TASK STATEMENT: Could you copy exactly the lines below from the one with "Серпухов принял боксеров" to the one with "USA. Złote 5", inclusive, leaving out any pictures?

MATERIAL FOR THIS TASK:

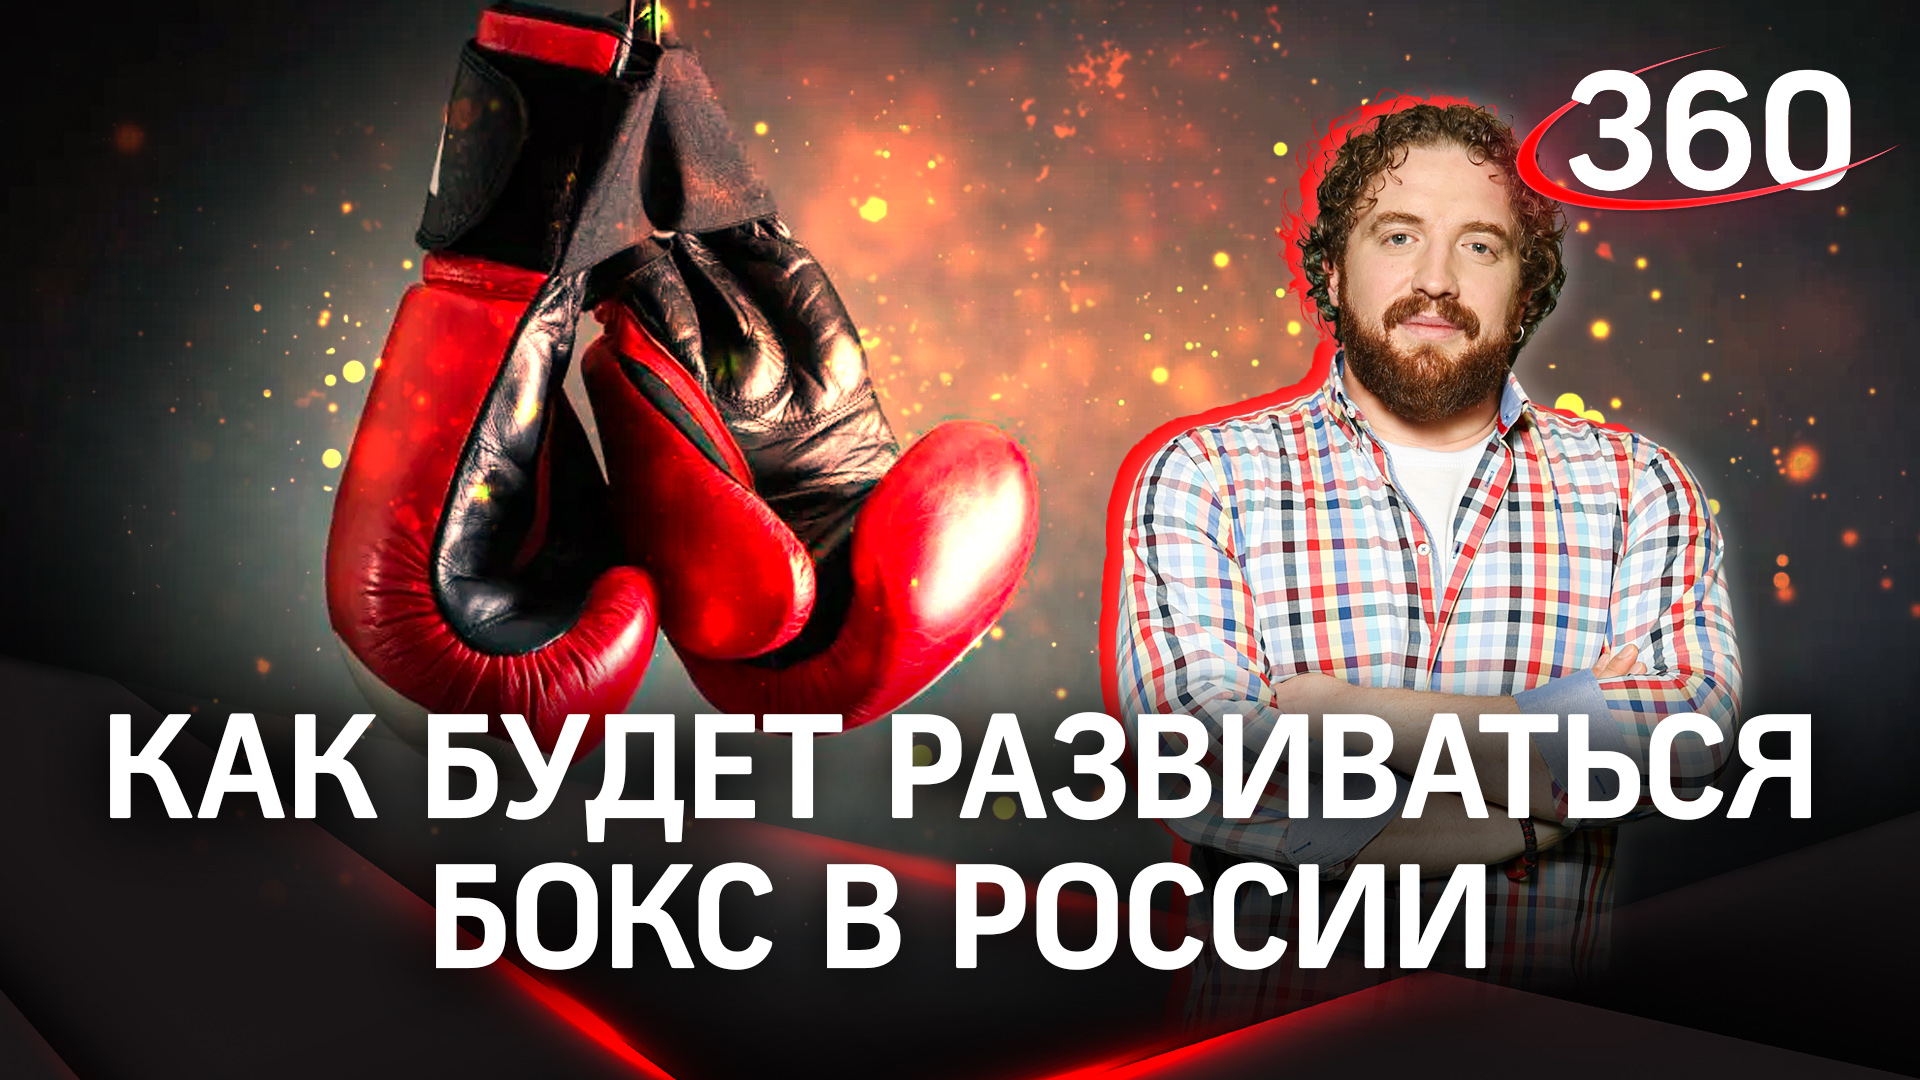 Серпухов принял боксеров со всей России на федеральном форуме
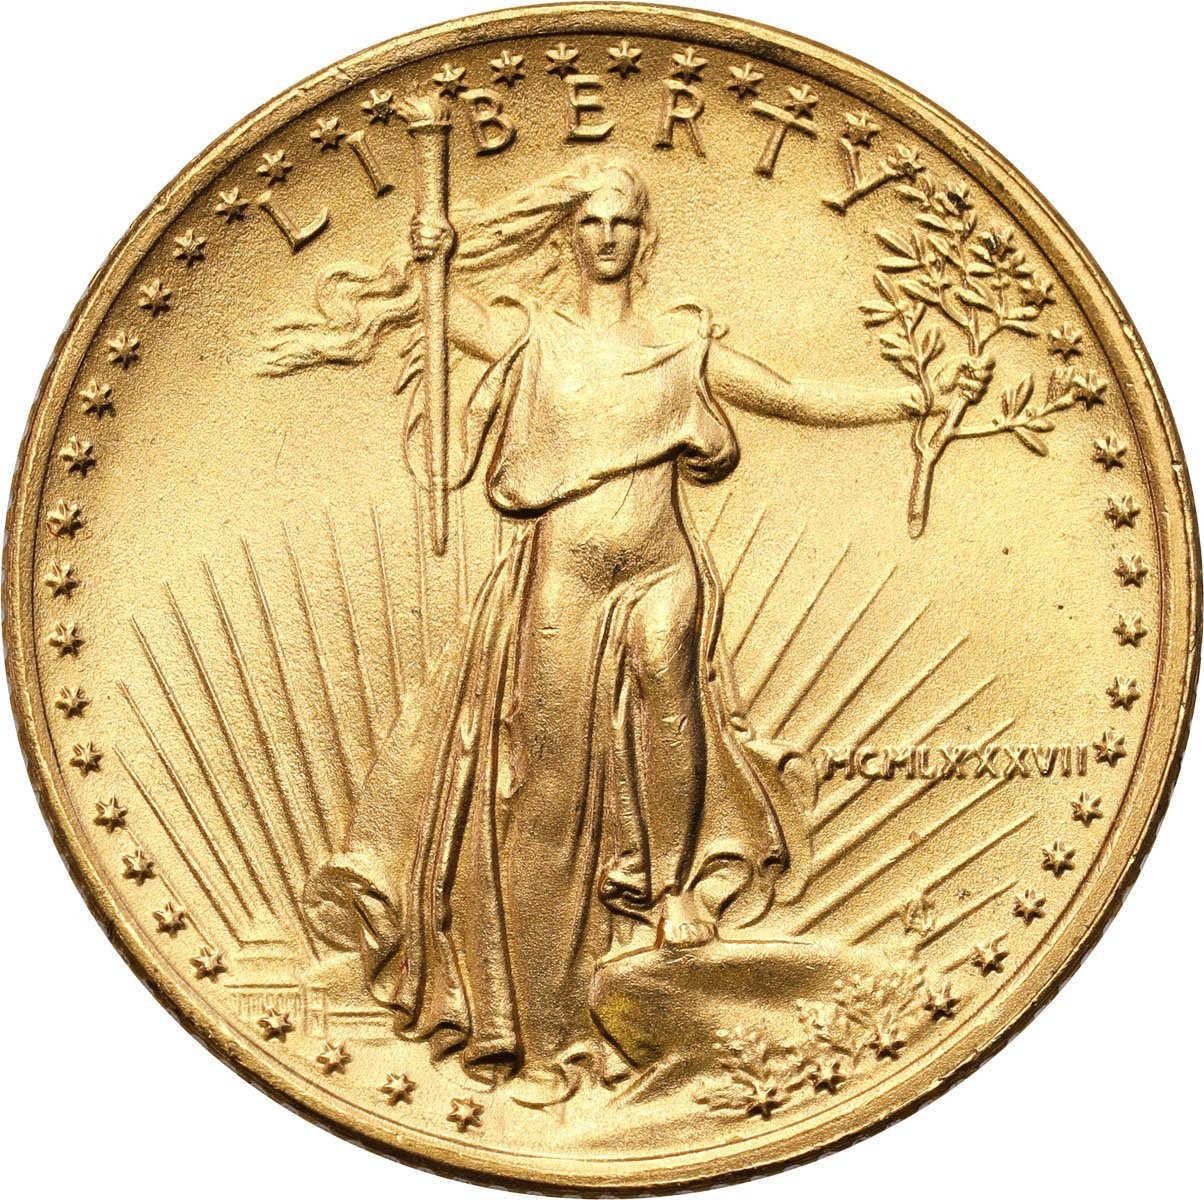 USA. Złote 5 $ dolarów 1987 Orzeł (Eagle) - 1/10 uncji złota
--
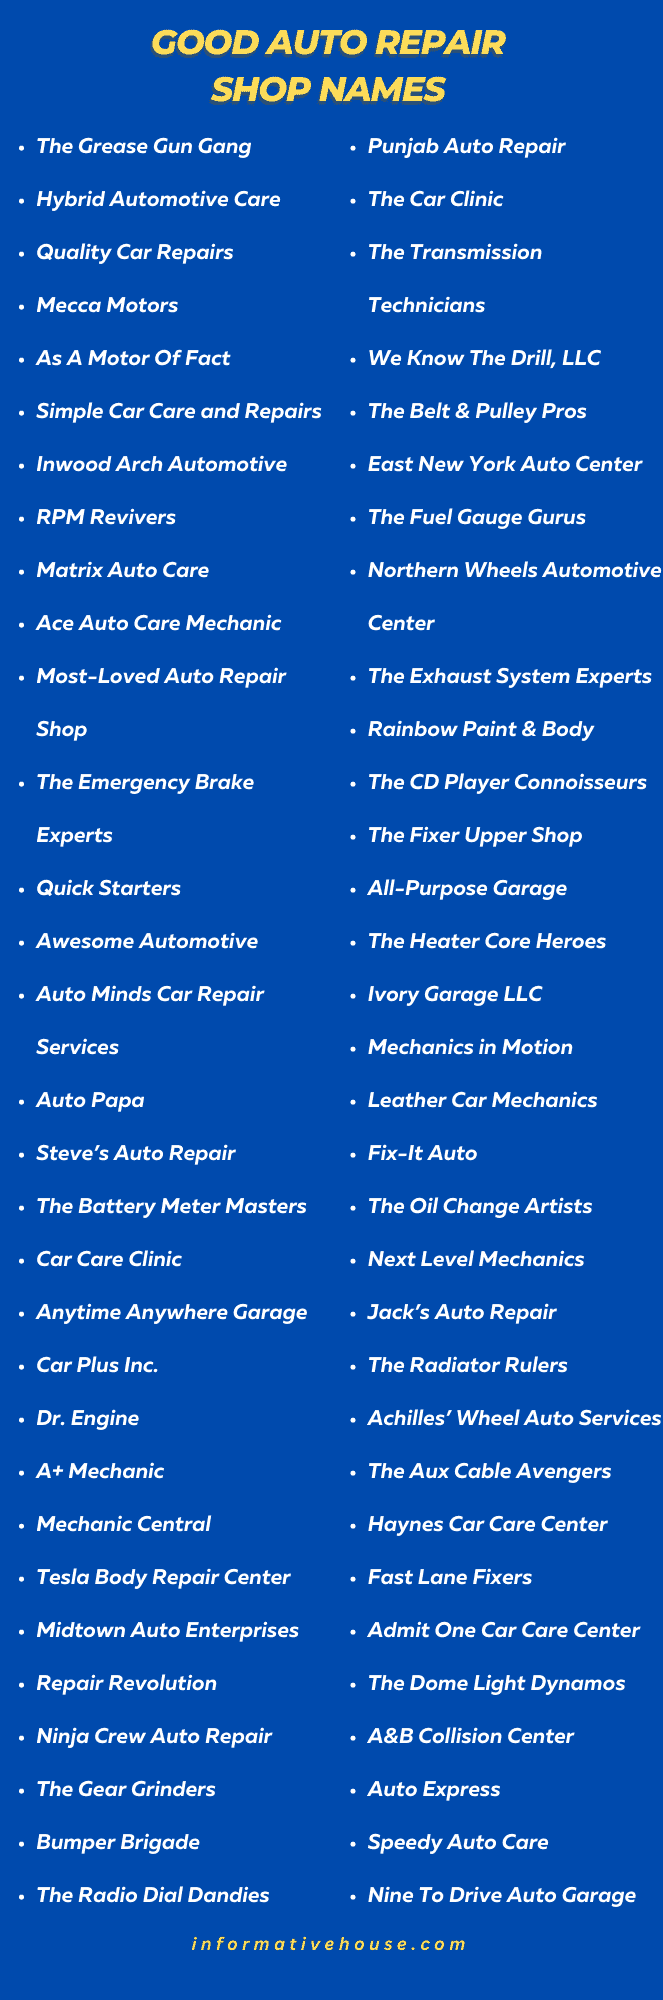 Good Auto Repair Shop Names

SOLUTION TO THIS TASK:
 Серпухов принял боксеров со всей России на федеральном форуме
 USA. Złote 5 $ dolarów 1987 Orzeł (Eagle) - 1/10 uncji złota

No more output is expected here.